Running the  df -h command generates a view of the ESX host partition table similar to:

Filesystem         Size   Used   Avail   Use%   Mounted on
/dev/sda2          4.9G   1.3G    3.4G    27%   /
/dev/sda1           97M    26M     67M    29%   /boot
none               132M      0    132M     0%   /dev/shm
/dev/sda6          2.0G    33M    1.8G     2%   /var/log

Your /boot partition is on the first disk's first partition, and / is on the second. /var/log might vary from 5th to 7th depending on configuration.

Note: There are three options for recovering your ESX host from this point. Each option is progressively more complex. Perform each option in the order provided, until your ESX host has recovered.

Option 1 – Running Commands in the GRUB Prompt

With this option, you run commands from the GRUB prompt to let it boot. 
 
This option is simple (you only need to run a few commands, your ESX host boots normally, and you can edit your grub.conf file later), but y ou need to know the UUID of your / partition, which can be hard to find in many cases.
 
While you are in the GRUB prompt, you must specify four things to let grub to continue booting:
 
Note: You may want to change the kernel name and initrd name from this example depending on your ESX version.   
  1. Type the location of the of the /boot directory and press Enter :

    root (hd0,0)

  2. Type the kernel name and the UUID and press Enter:

    For example:


    kernel /vmlinuz-2.4.21-47.0.1.ELvmnix ro root=UUID=932dad41-f43a-4a60-9257-198f026da80e


    Note: The UUID in this command is only an example. You need to find or have it from your system before you issue this command.  You can sometimes use cat /grub/grub.conf to get the UUID.

  3. Type the initrd value and press Enter:

    For example:

    initrd /initrd-2.4.21-47.0.1.ELvmnix.img

  4. Run the boot command:

    boot

If you can not remember the names of kernel and initrd, press Tab after typing /. This gives you the possibilities. You can also use it to check if the filesystem is valid.

Run these commands after your ESX host is booted:
  • esxcfg-boot -p
  • esxcfg-boot -b
  • esxcfg-boot -r

Ensure your /boot/grub/grub.conf appears like:

title VMware ESX Server
root (hd0,0)
kernel --no-mem-option /vmlinuz-2.4.21-47.0.1.ELvmnix ro root=UUID=44fc4a1c-d5ac-4ce1-a9cb-74acab0e61e8 mem=272M
initrd /initrd-2.4.21-47.0.1.ELvmnix.img
 

Option 2 – Using your Live CD to Boot your ESX Host

Use a Live CD to boot your ESX host and fix the host from a chroot environment.
 
Unlike Option 1, you do not need to know the UUID of your / to recover. You can find the UUID as part of this option and continue to use option 1. However, more Linux commands are involved and you need to have the Live CD.

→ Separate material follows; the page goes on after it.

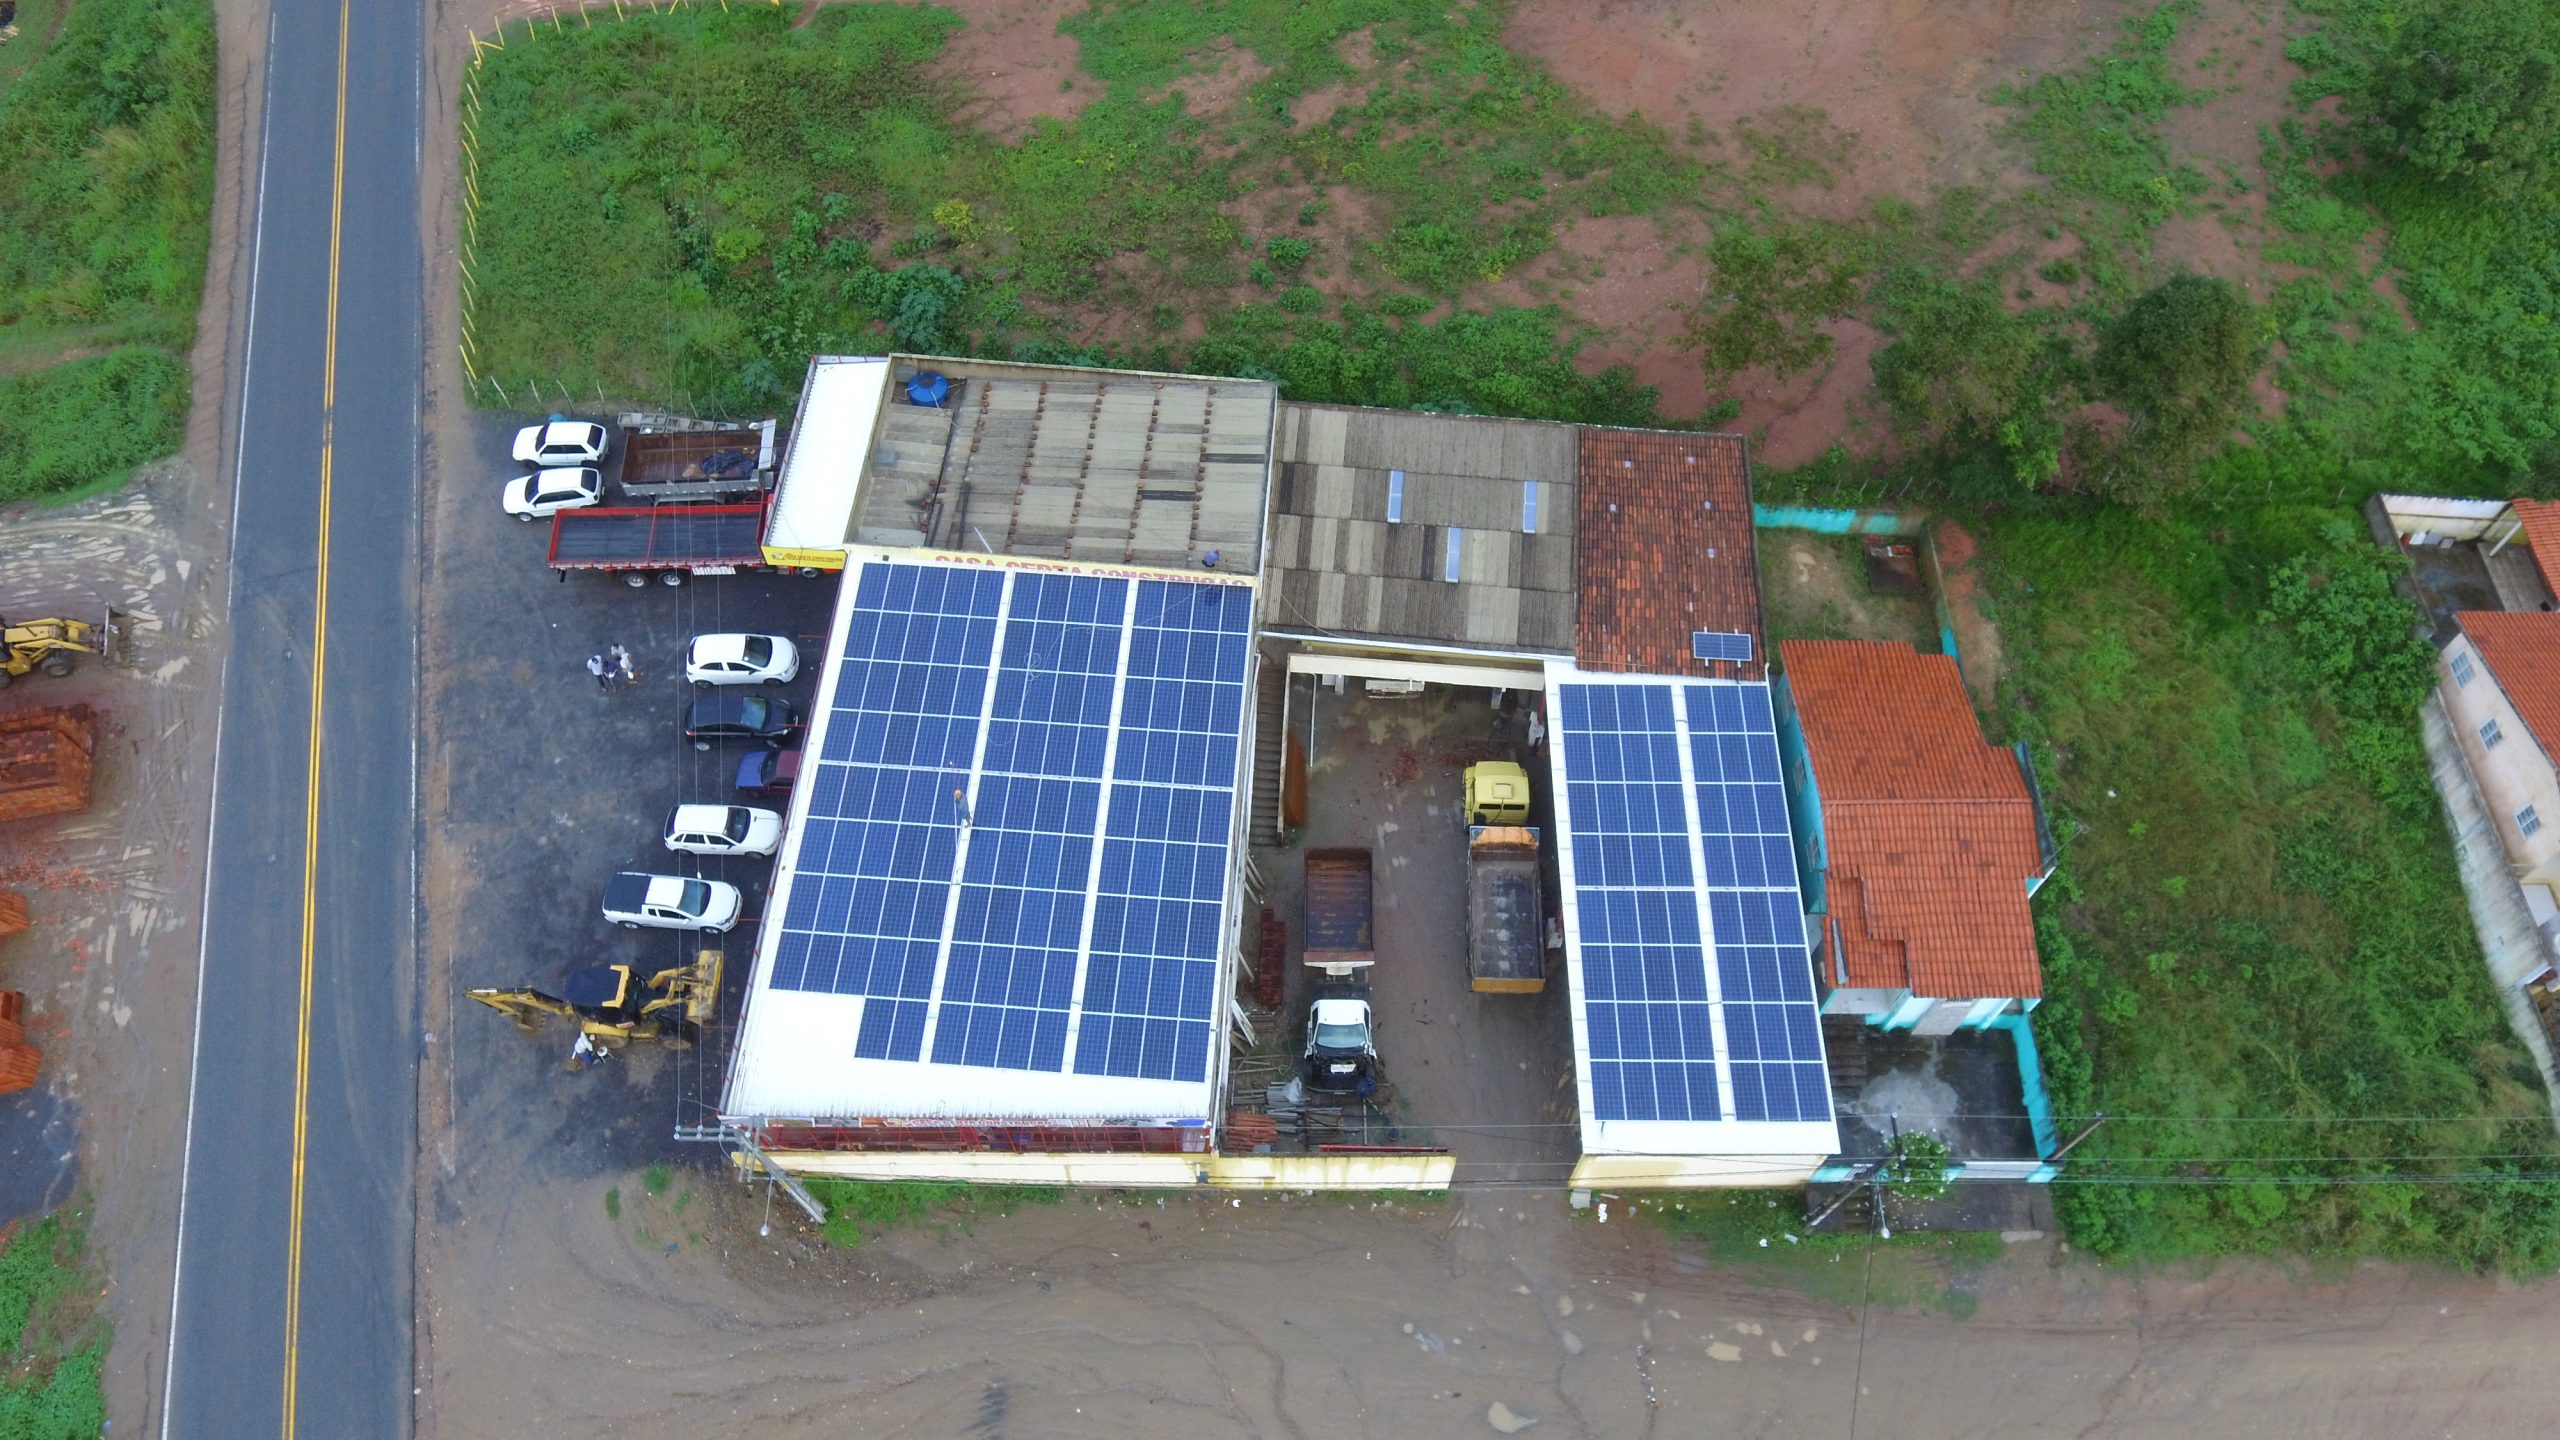 USINA COMERCIAL – LIMOEIRO (PE) – 56 kWp

Note: You can also use a live CD to take the advantage of esxcfg-boot command.

Examples of Live Linux CDs:
  • Gentoo Live CD
  • Redhat rescue CD/DVD
  • Knoppix Live CD
  • PClinuxOS Live CD
  • Ubuntu Live CD   
Run these commands after you boot your ESX host from the Live CD:
  • fdisk -l > lists the device names of your filesystems. 

Note: Use this command to discover the device names of your filesystems as they may not be named /dev/sda. The proceeding commands are an example of what your filesystems could be named.

  • mkdir /mnt/esx
  • mount /dev/sda2 /mnt/esx
  • mount /dev/sda1 /mnt/esx/boot
  • mount /dev/sda6 /mnt/esx/var/log > You may need to use fdisk /dev/sda to find which one is your /var/log
  • chroot /mnt/esx
  • bash
  • touch /boot/grub/grub.conf > Only if there is no grub.conf file
  • esxcfg-boot -gr
  • vi /boot/grub/grub.conf > Correct problems of the file if needed   
esxcfg-boot  does not know /boot and / are 2 separated partitions in the live chroot environment.

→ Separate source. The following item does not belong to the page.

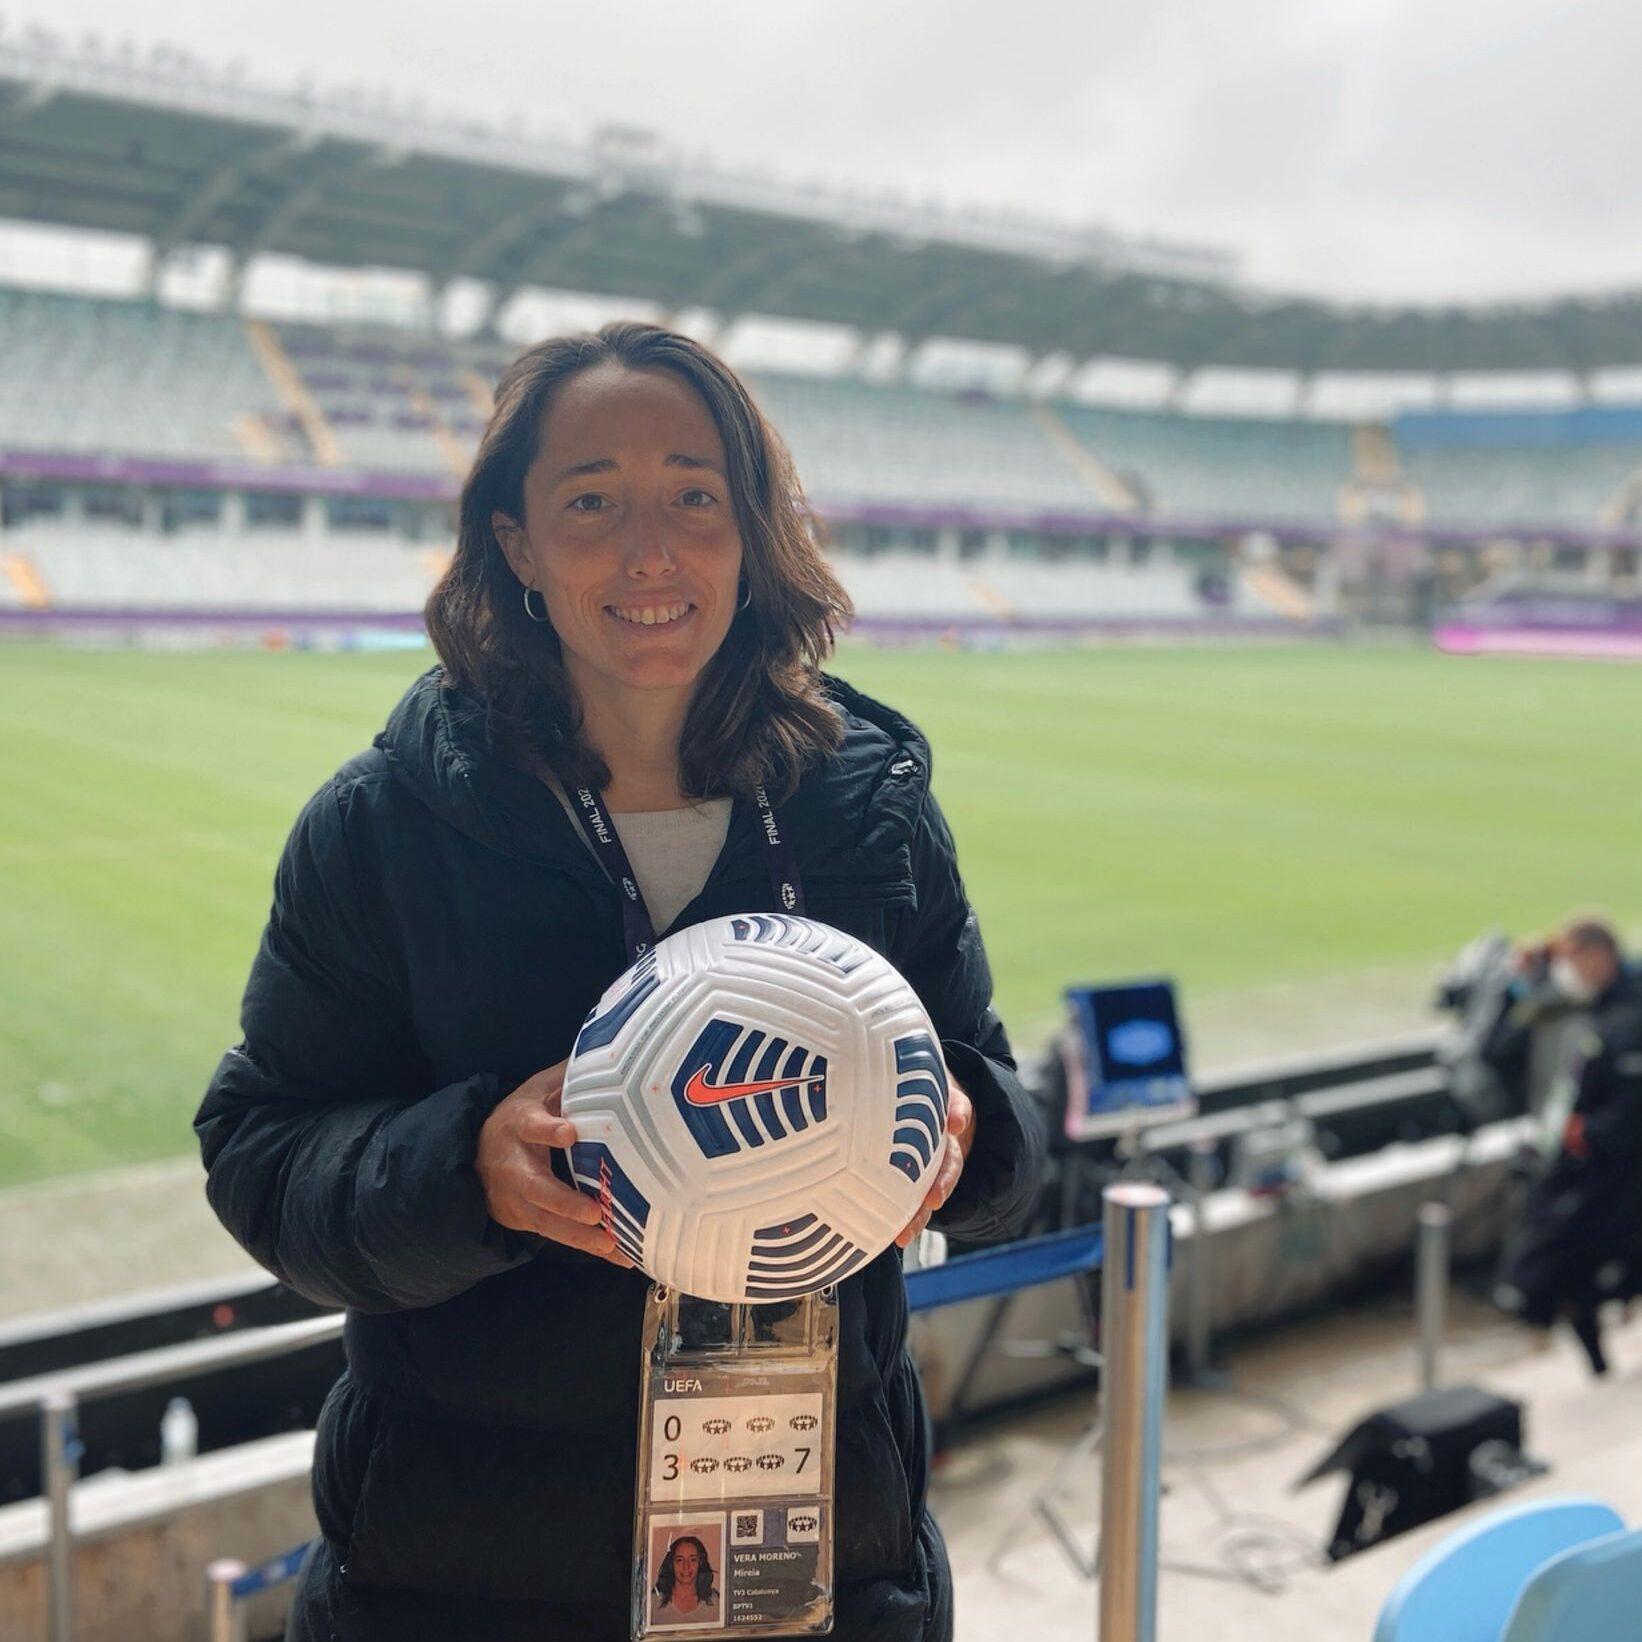 Mireia Vera entrenadora i analista de futbol femení

You receive this information inside your /boot/grub/grub.conf
 
title VMware ESX Server
        root (hd0,1)‏
        uppermem 277504
        kernel --no-mem-option /boot/vmlinuz-2.4.21-47.0.1.ELvmnix ro root=UUID=44fc4a1c-d5ac-4ce1-a9cb-74acab0e61e8 mem=272M
        initrd /boot/initrd-2.4.21-47.0.1.ELvmnix.img 
 
You need to change root to the correct partition, and remove /boot from the kernel path:
title VMware ESX Server
        root (hd0,0)‏
        uppermem 277504
        kernel --no-mem-option /vmlinuz-2.4.21-47.0.1.ELvmnix ro root=UUID=44fc4a1c-d5ac-4ce1-a9cb-74acab0e61e8 mem=272M
        initrd /initrd-2.4.21-47.0.1.ELvmn
 

Option 3 – Using a Live CD to boot your ESX Host (Advanced)

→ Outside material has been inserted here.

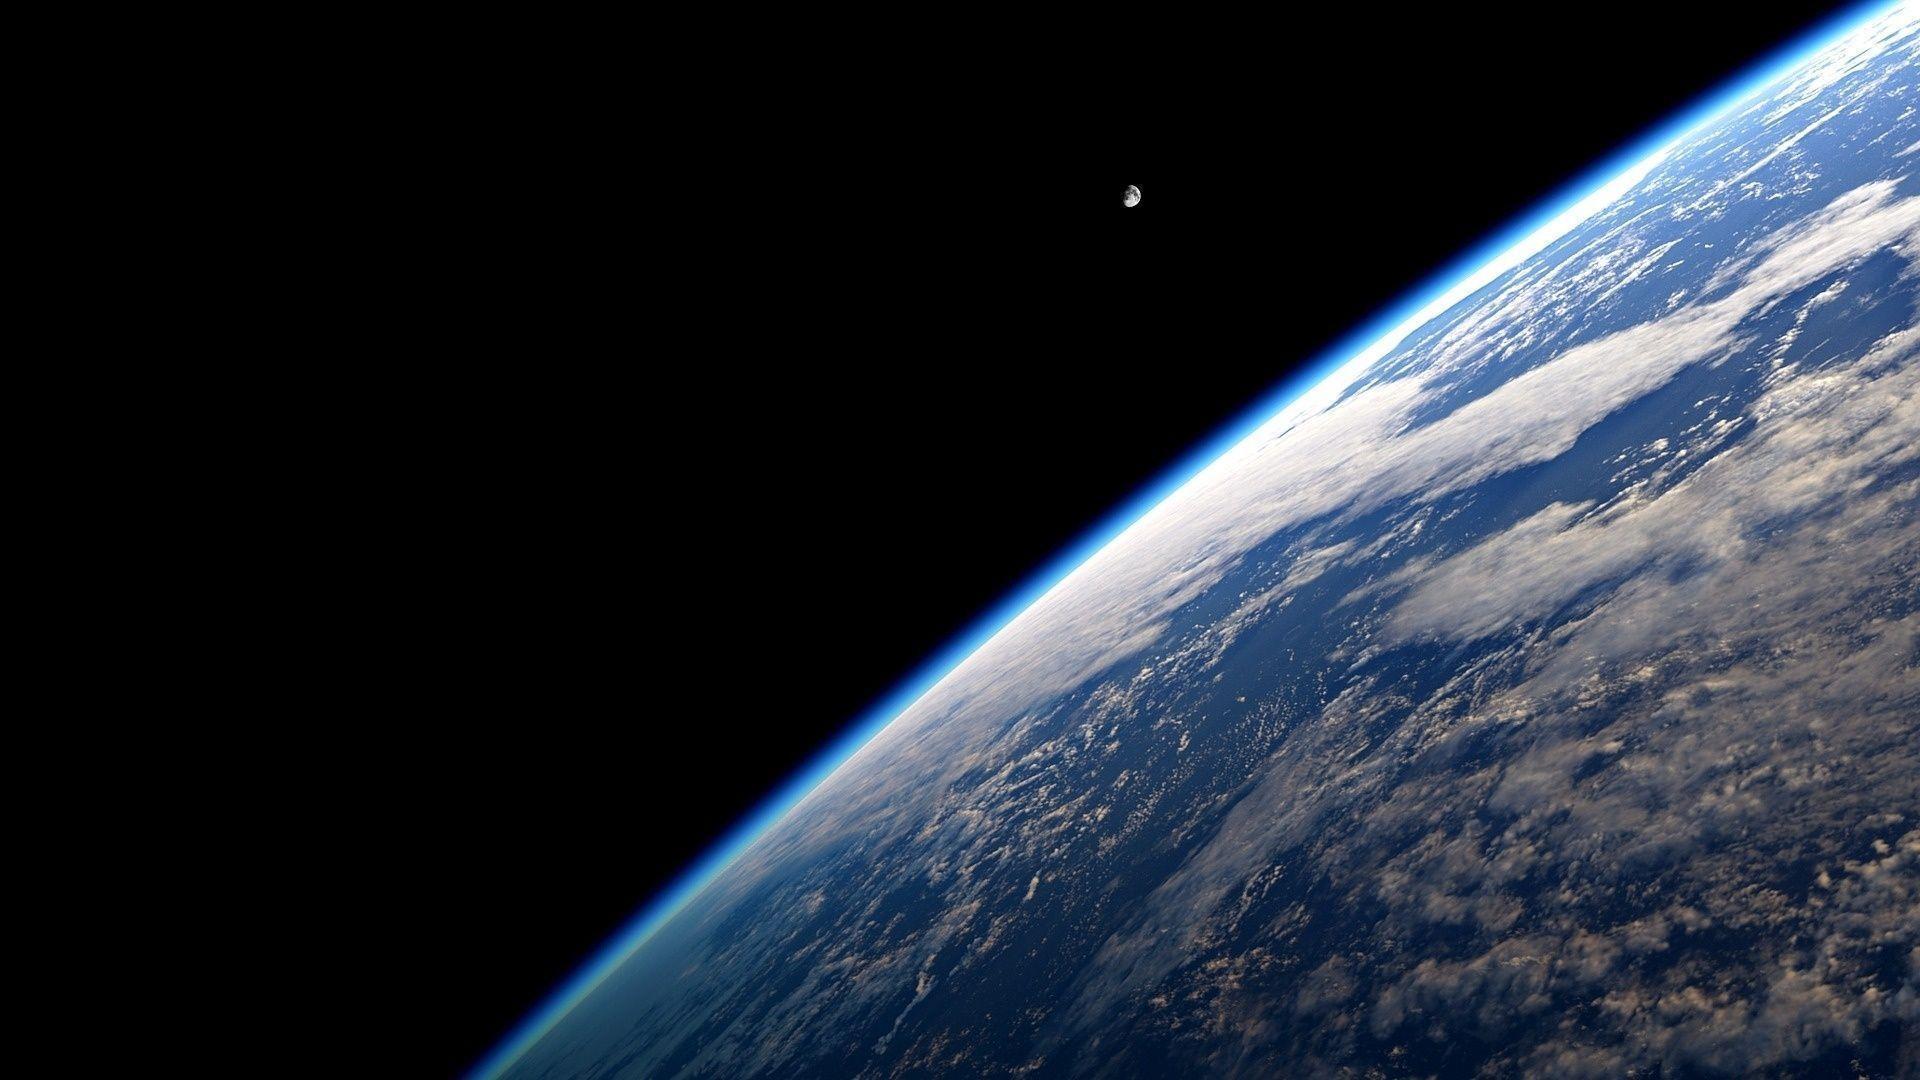 earth wallpaper hd 1080p - photo #14

Use a Live CD to boot your ESX host and fix the host from a chroot environment.
 
This option has more detail than Option 2 and covers repairing damaged stage files and manipulation of device.map , all without using esxcfg commands. However, you must be completely comfortable with your Linux command knowledge to perform this option. You also need to have the Live CD.
 
Caution: Be aware that this process uses more advanced Linux commands than Option 1 and Option 2. If you are not comfortable with Option 3, and your ESX host is still not recovering,
file a support request with VMware Support and note this KB Article ID in the problem description. For more information, see How to Submit a Support Request .
  1. Boot from the Rescue CD.
     
  2. List the device names of your filesystems by using the  fdisk -l or df -h command.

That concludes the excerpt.